▶ _Recorded data_:

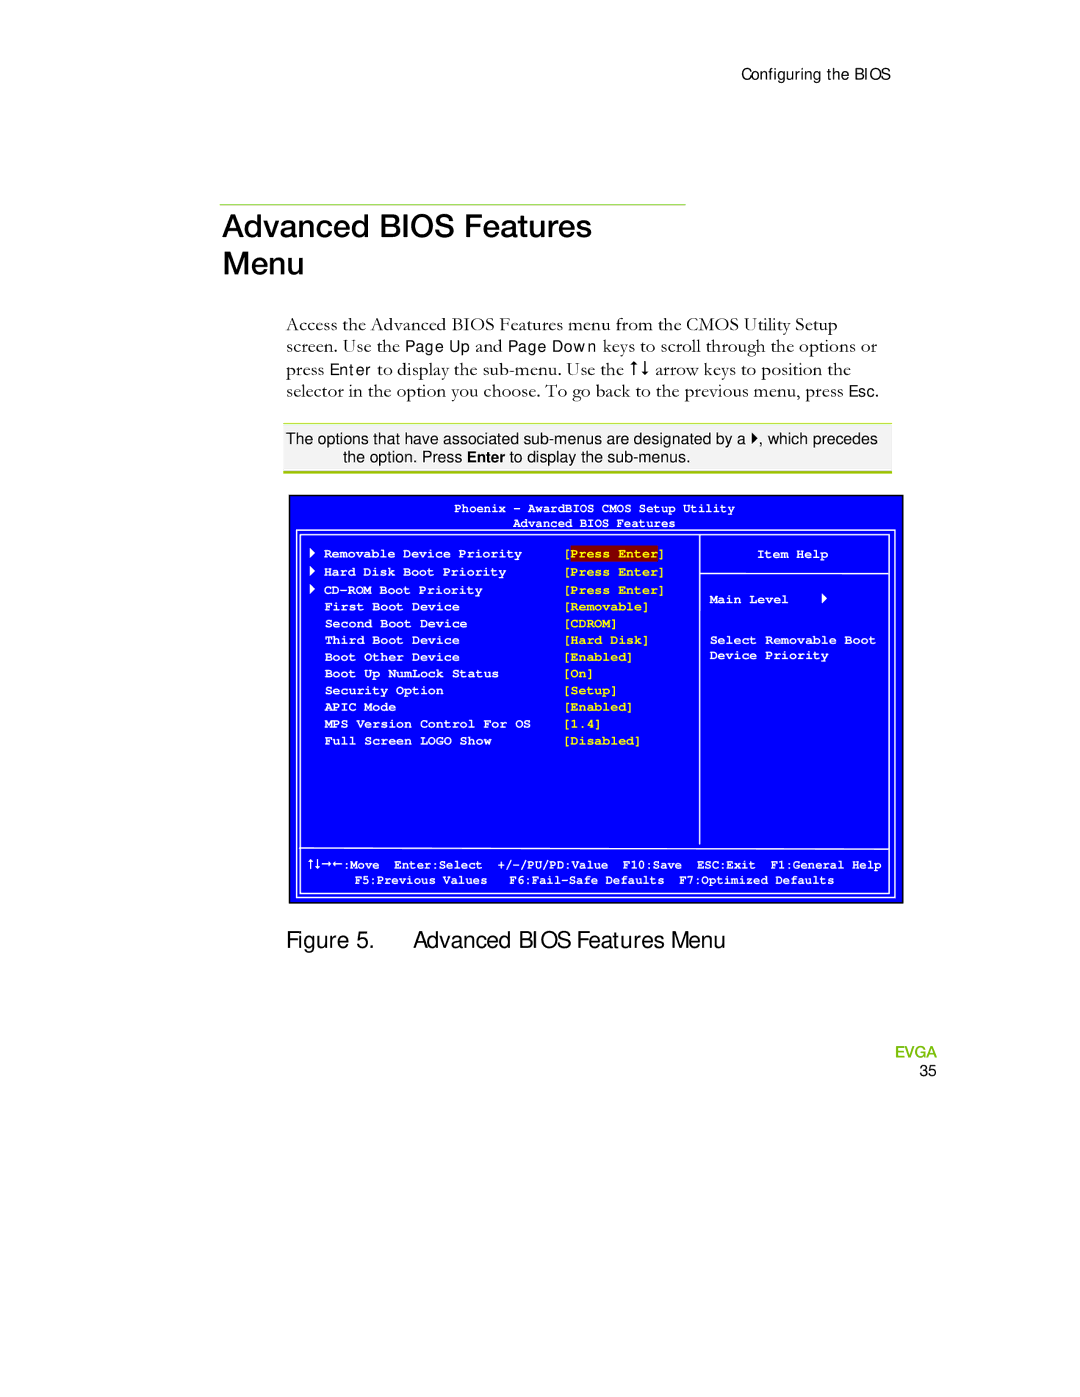 EVGA 730I manual Advanced Bios Features Menu, Cdrom 
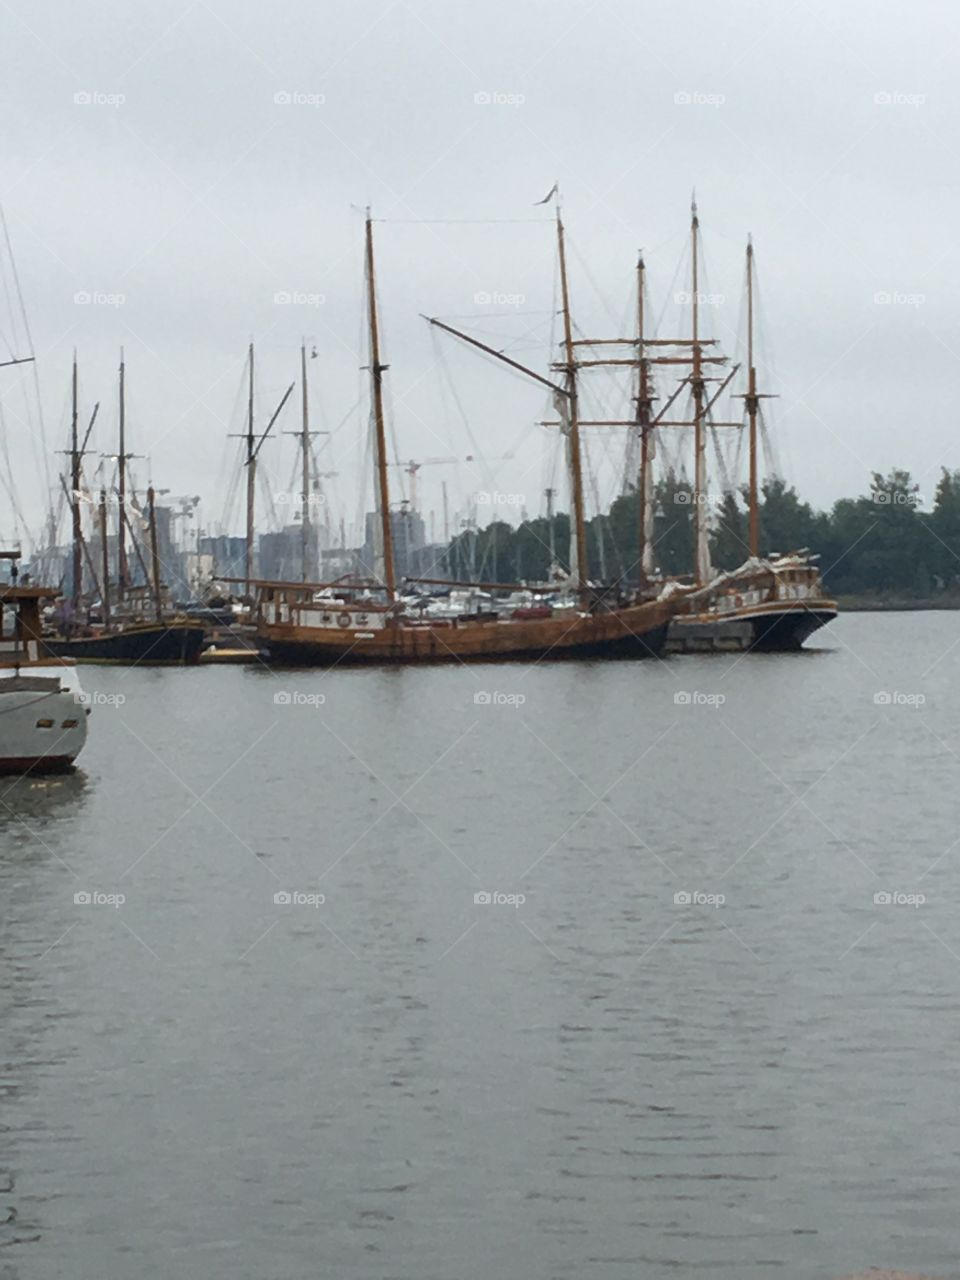 Helsinki boats 
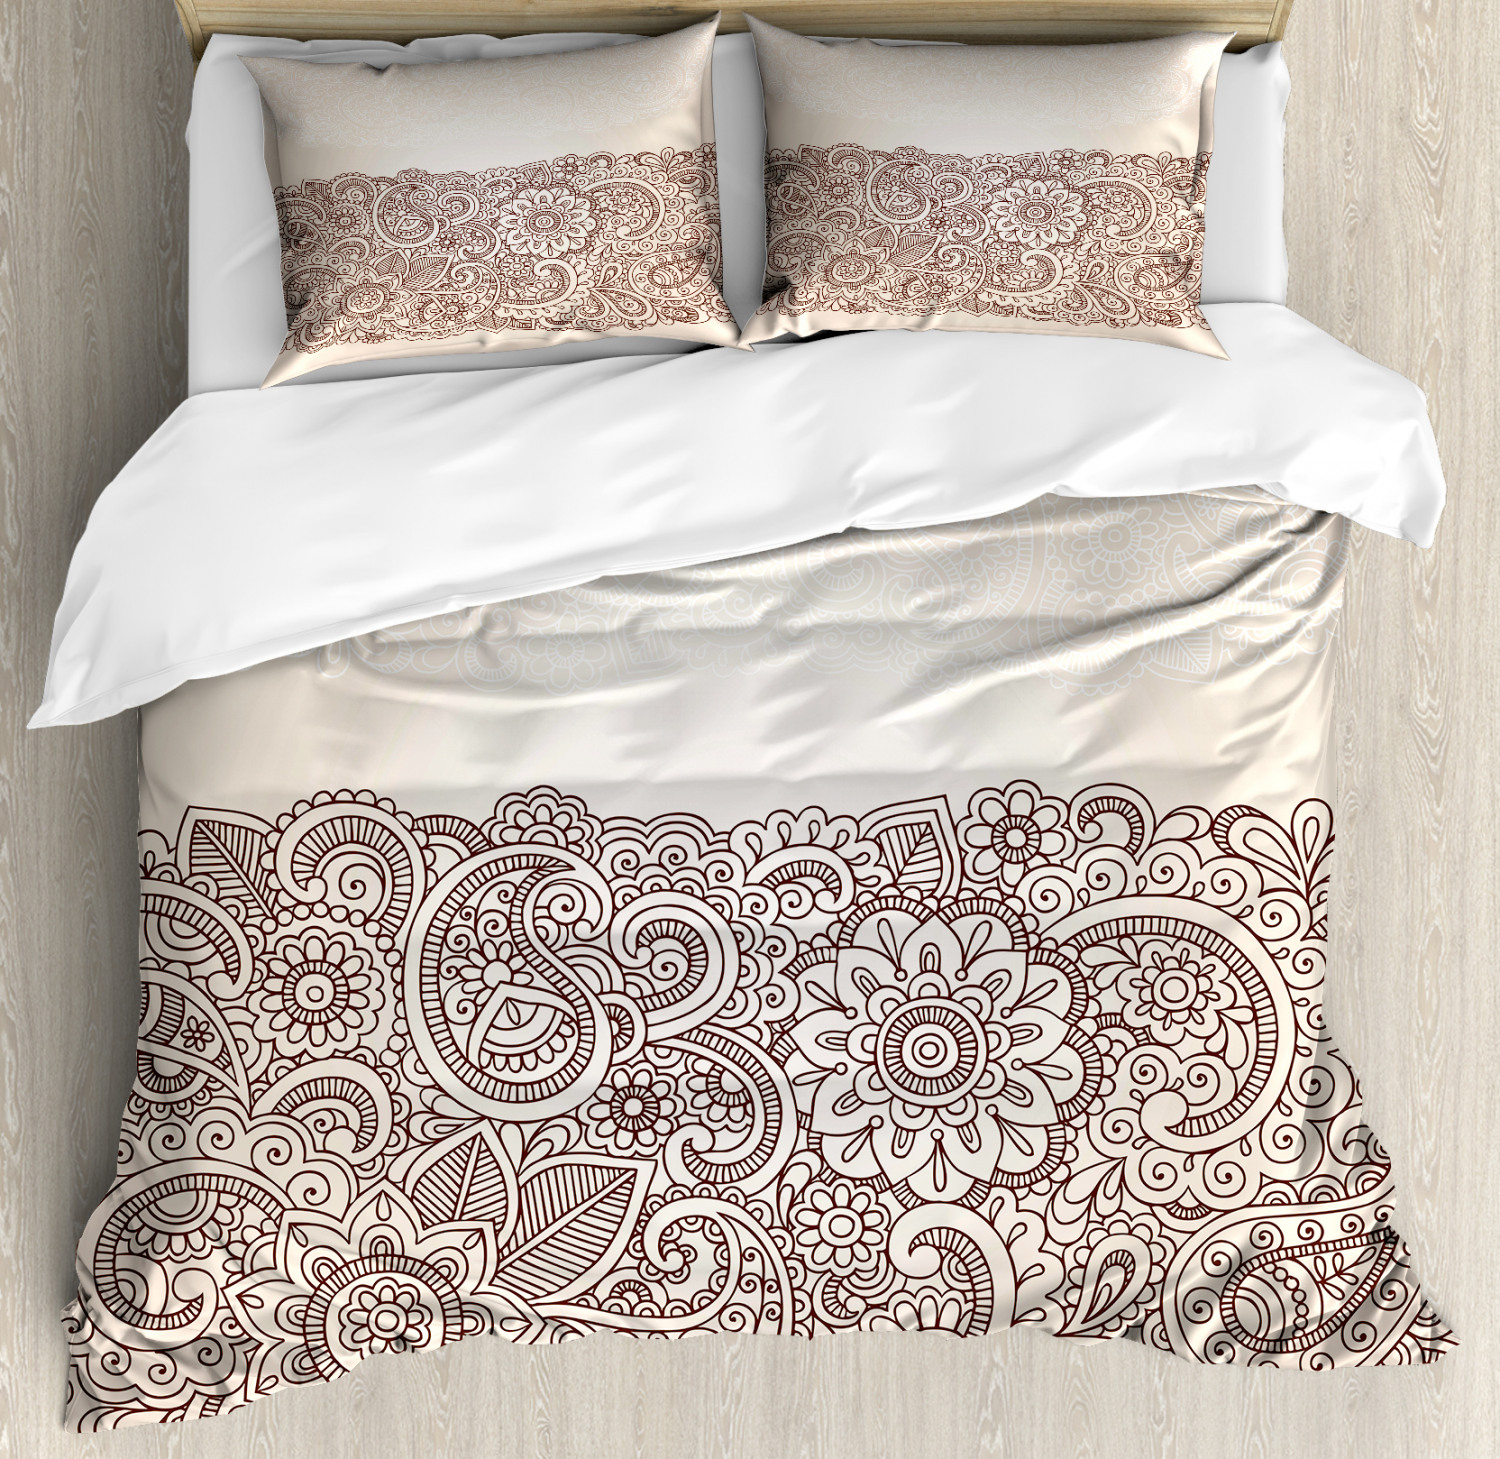 Henna Duvet Cover Set With Pillow Shams Mandala Paisley Pattern
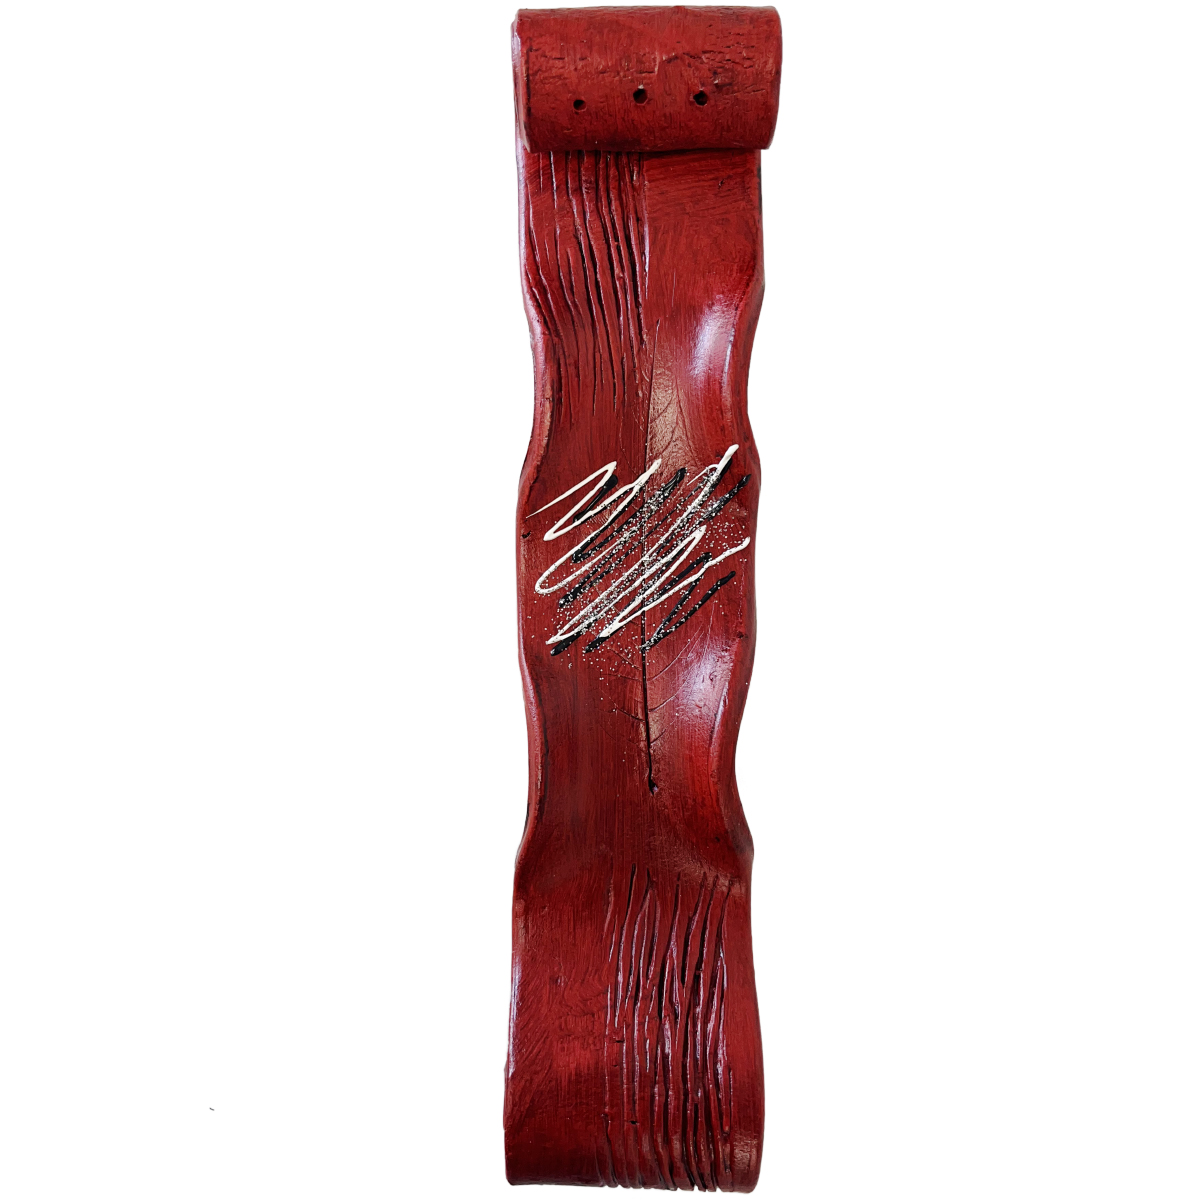 Red handmade incense holder
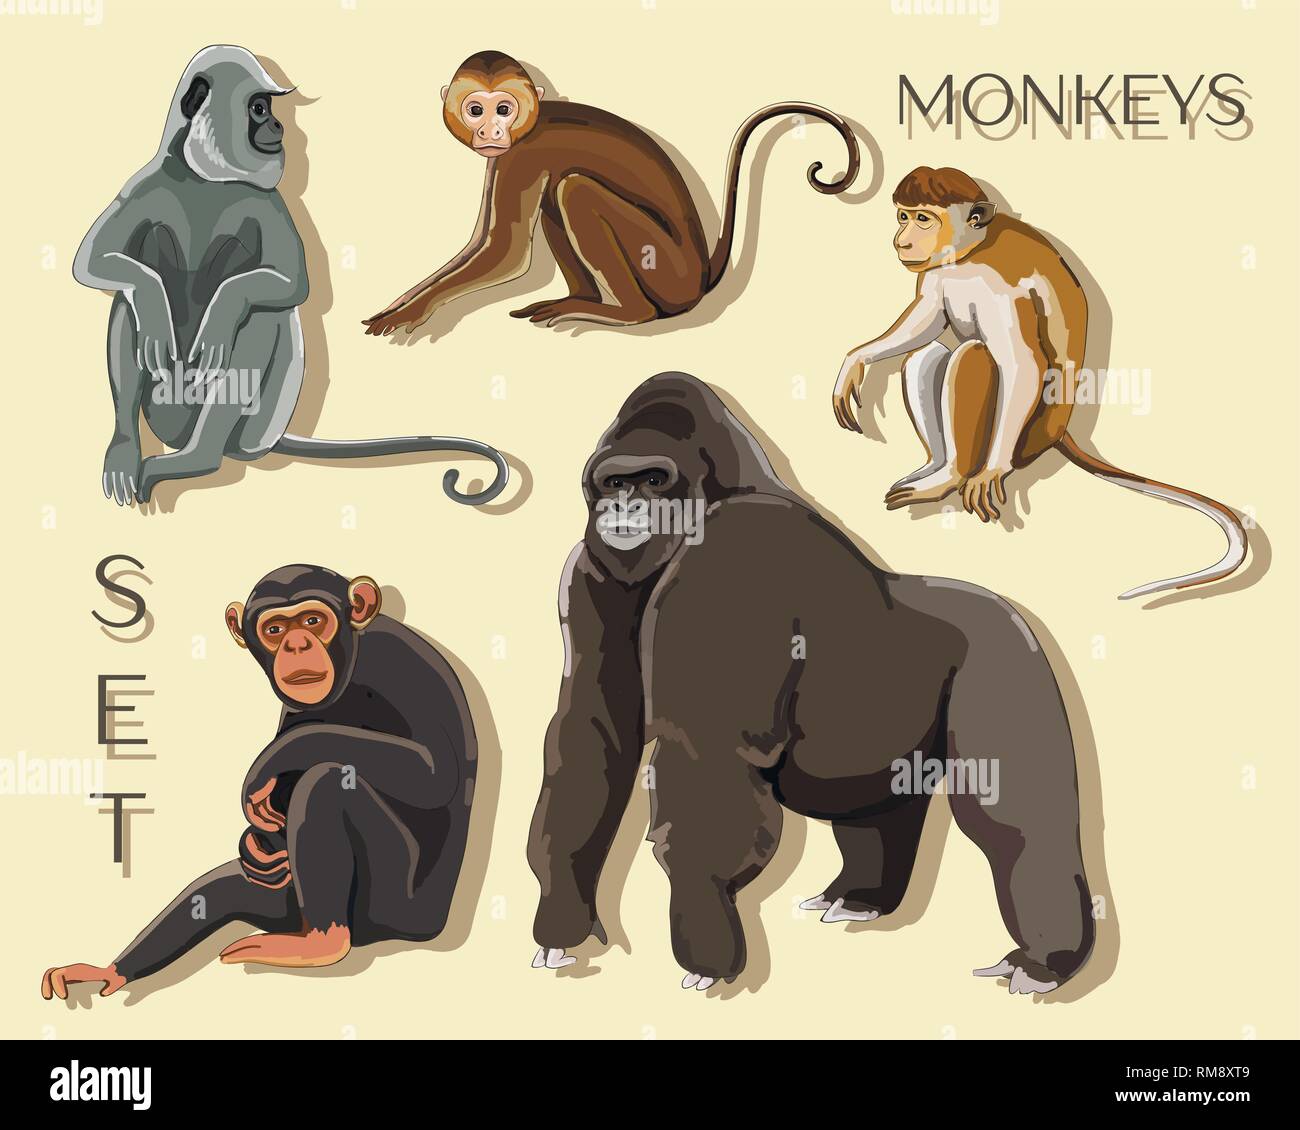 Monkey type

▶ _BRIEF_:
The response should consist of the entries above, given again exactly and free of pictures.

▶ _EXPECTED ANSWER_:
 EVGA 730I manual Advanced Bios Features Menu, Cdrom 
 Helsinki boats 
 Henna Duvet Cover Set With Pillow Shams Mandala Paisley Pattern
 Red handmade incense holder
 Monkey type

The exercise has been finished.